[Stored data]
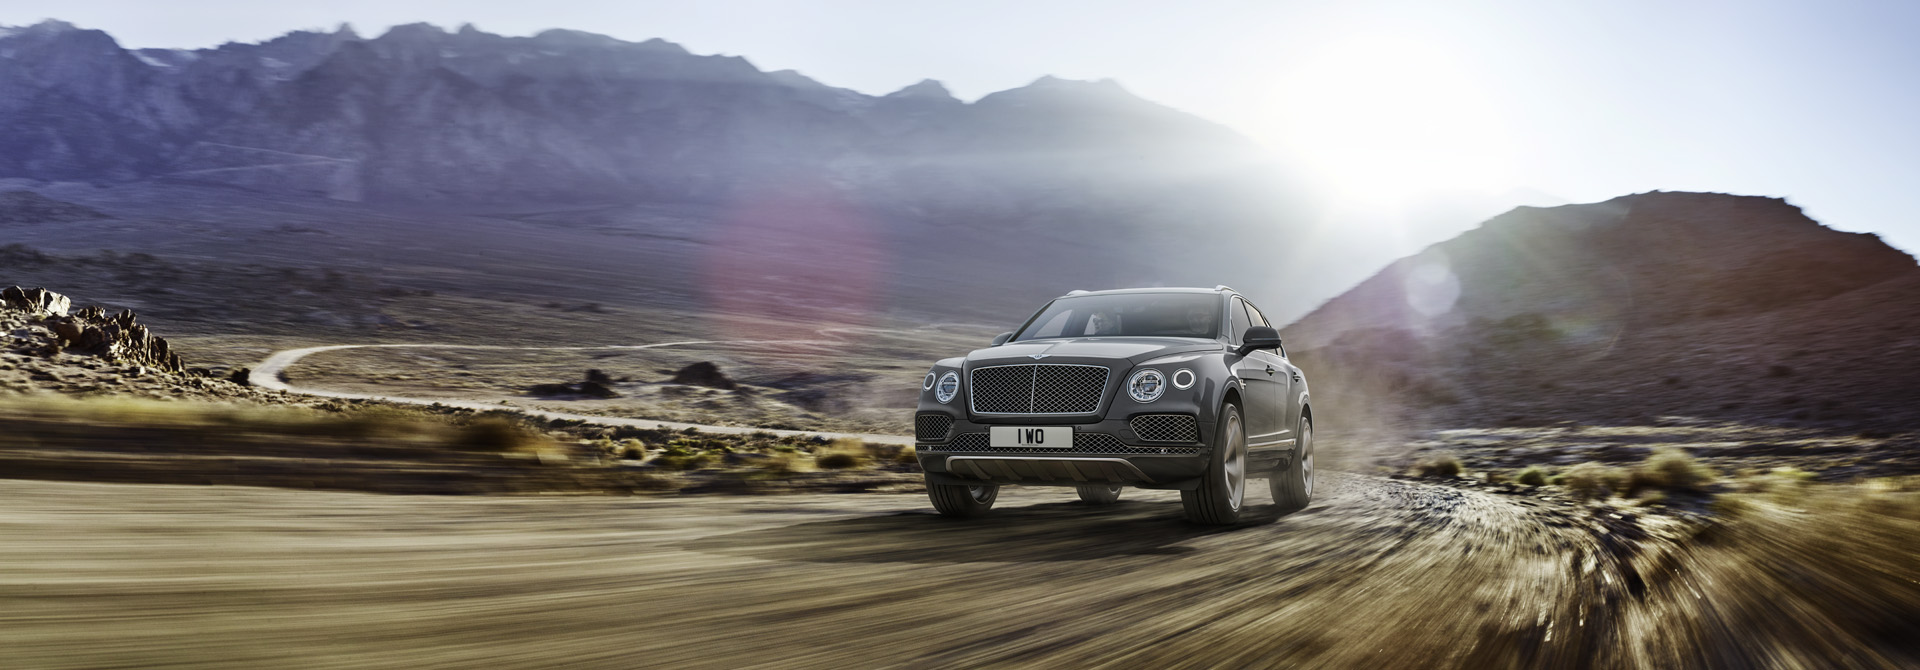 That Outdoors Life: 4 Luxury SUVs Ready to Handle All Your Adventure Gear Bentley Motors
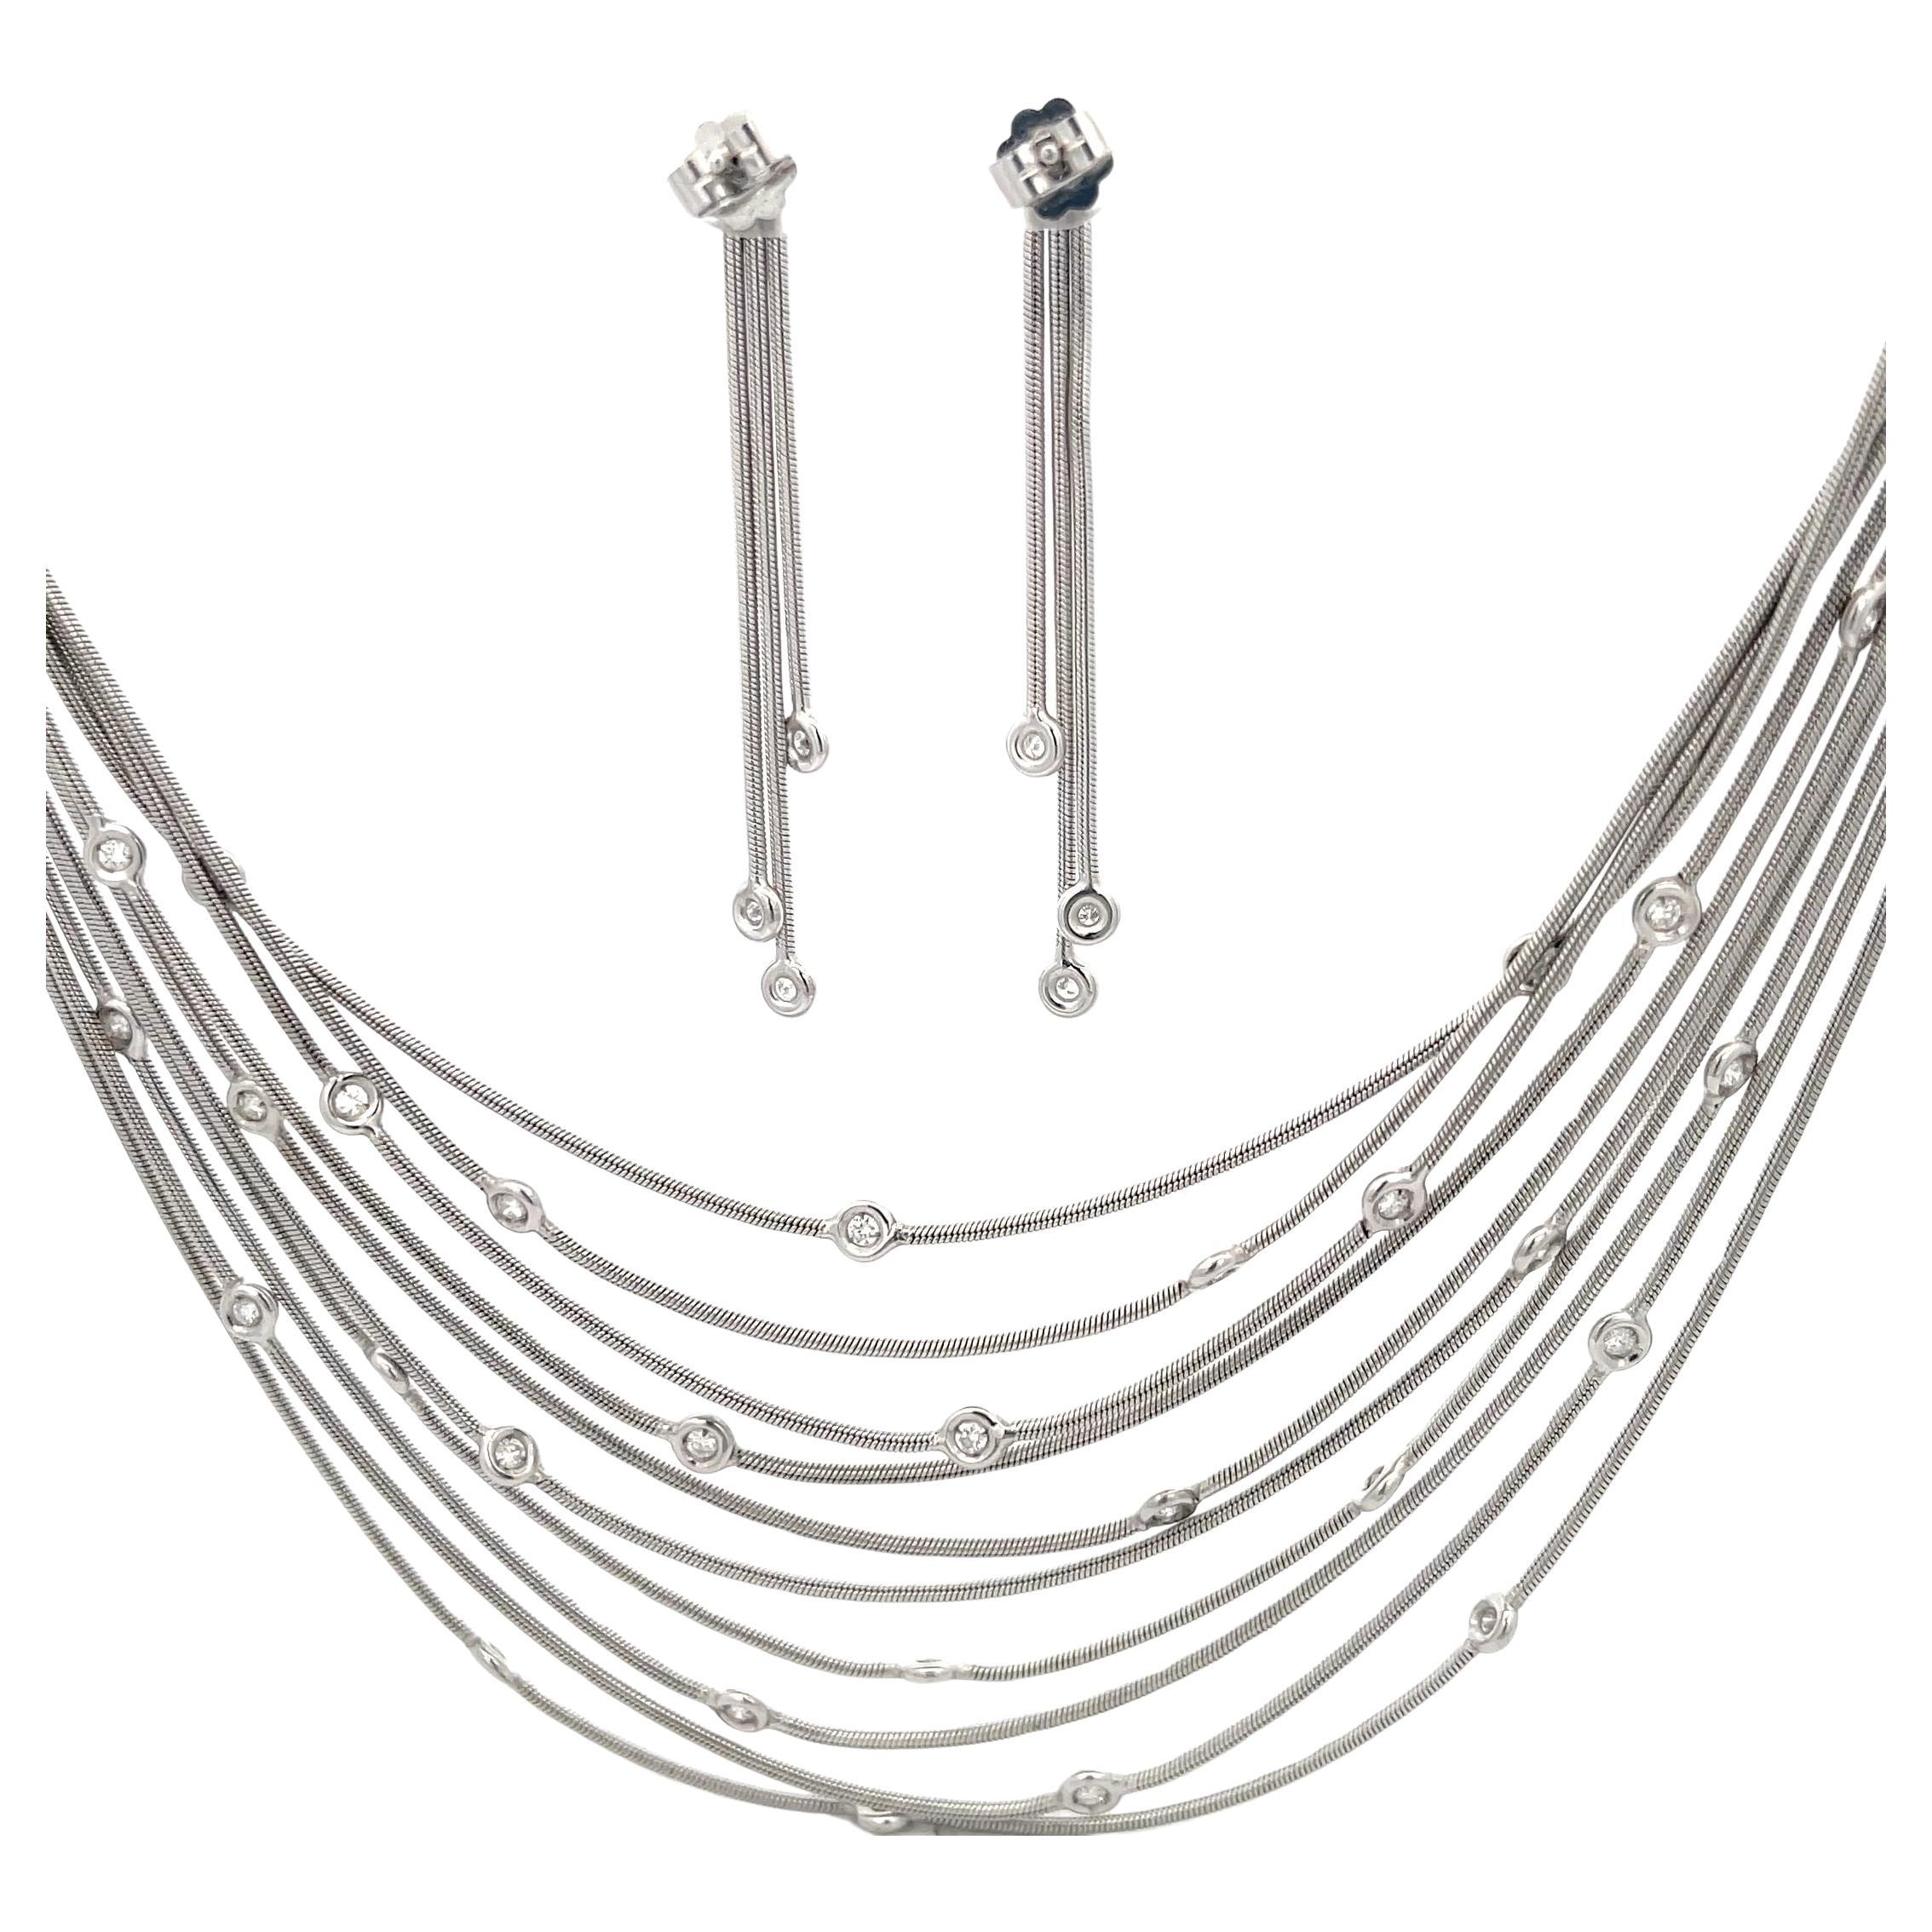 H Stern 18K White Gold Multistrand Necklace with Diamonds, Plus Earrings Set 
Necklace - 15 1/2
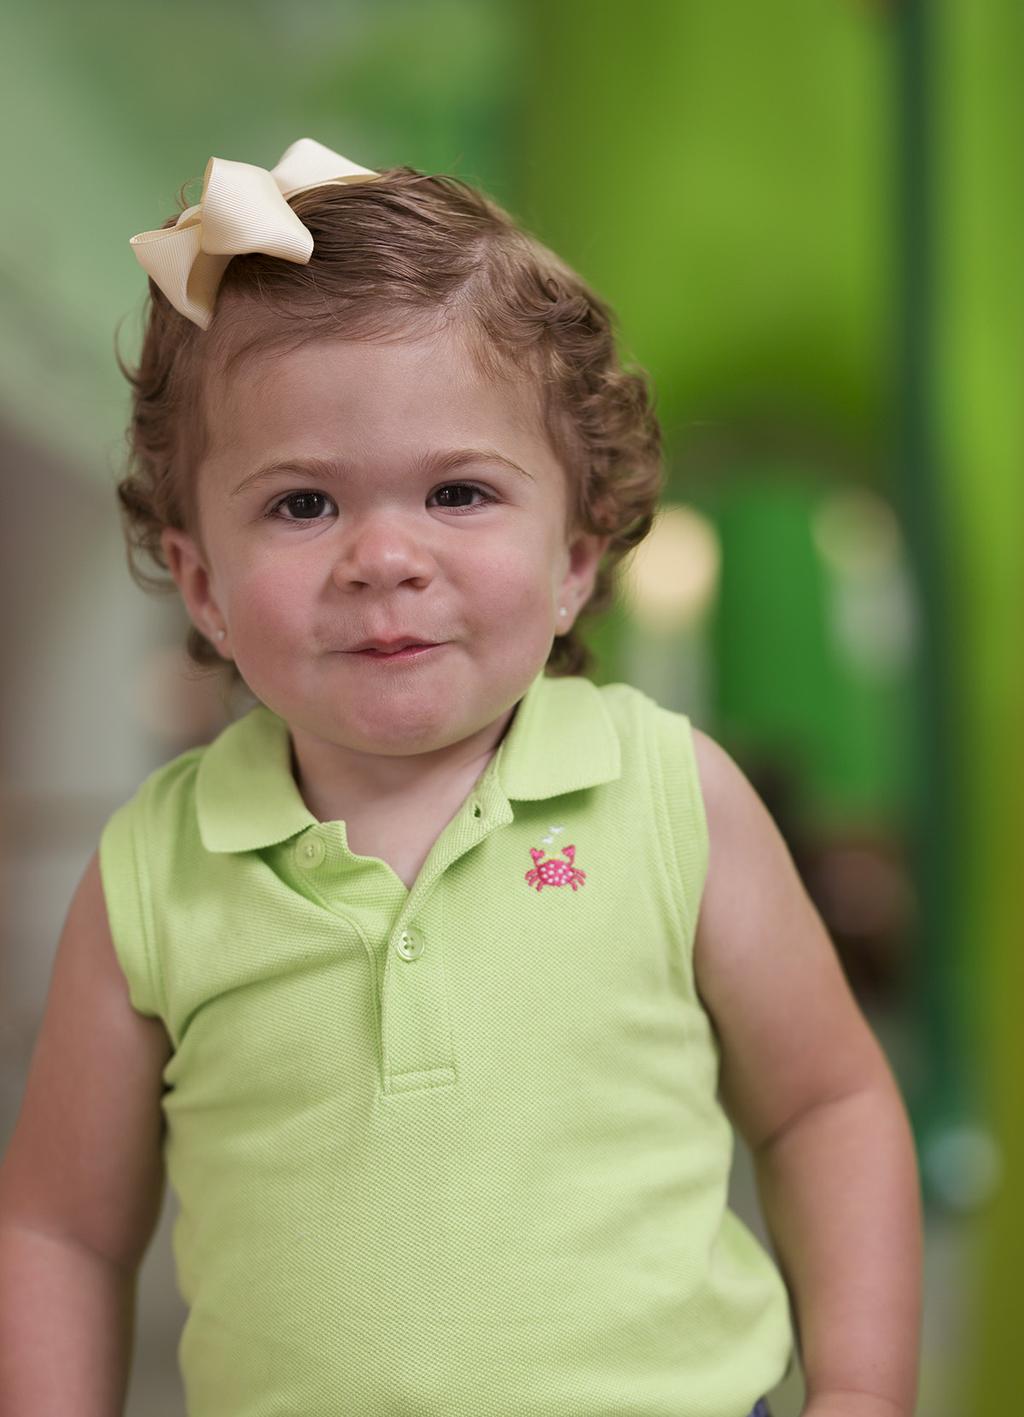 Finally, they came to Nationwide Children s Hospital and within that first appointment doctors knew Kinzley, just nine months old, had Hurler s Syndrome.
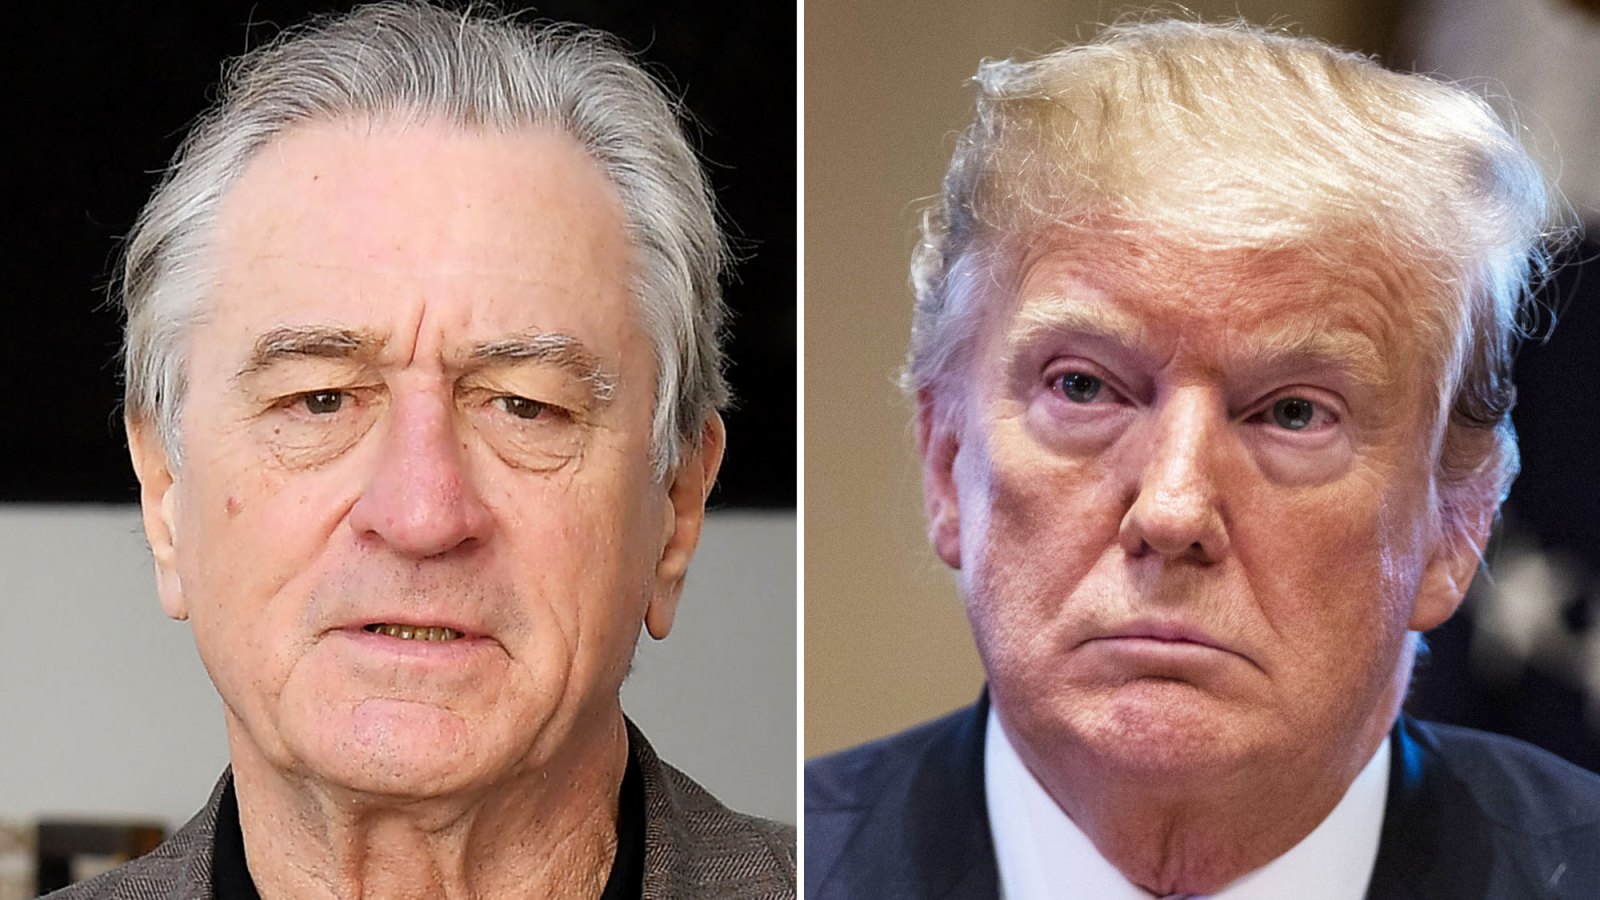 Robert De Niro Declares Donald Trump Is a ‘Real Racist’ and ‘White Supremacist’

* [What the task asks] Could the entries above be written out word for word, pictures excluded?

* [Response below]
 That Outdoors Life: 4 Luxury SUVs Ready to Handle All Your Adventure Gear Bentley Motors
 H Stern 18K White Gold Multistrand Necklace with Diamonds, Plus Earrings Set 
Necklace - 15 1/2
 Finally, they came to Nationwide Children s Hospital and within that first appointment doctors knew Kinzley, just nine months old, had Hurler s Syndrome.
 Robert De Niro Declares Donald Trump Is a ‘Real Racist’ and ‘White Supremacist’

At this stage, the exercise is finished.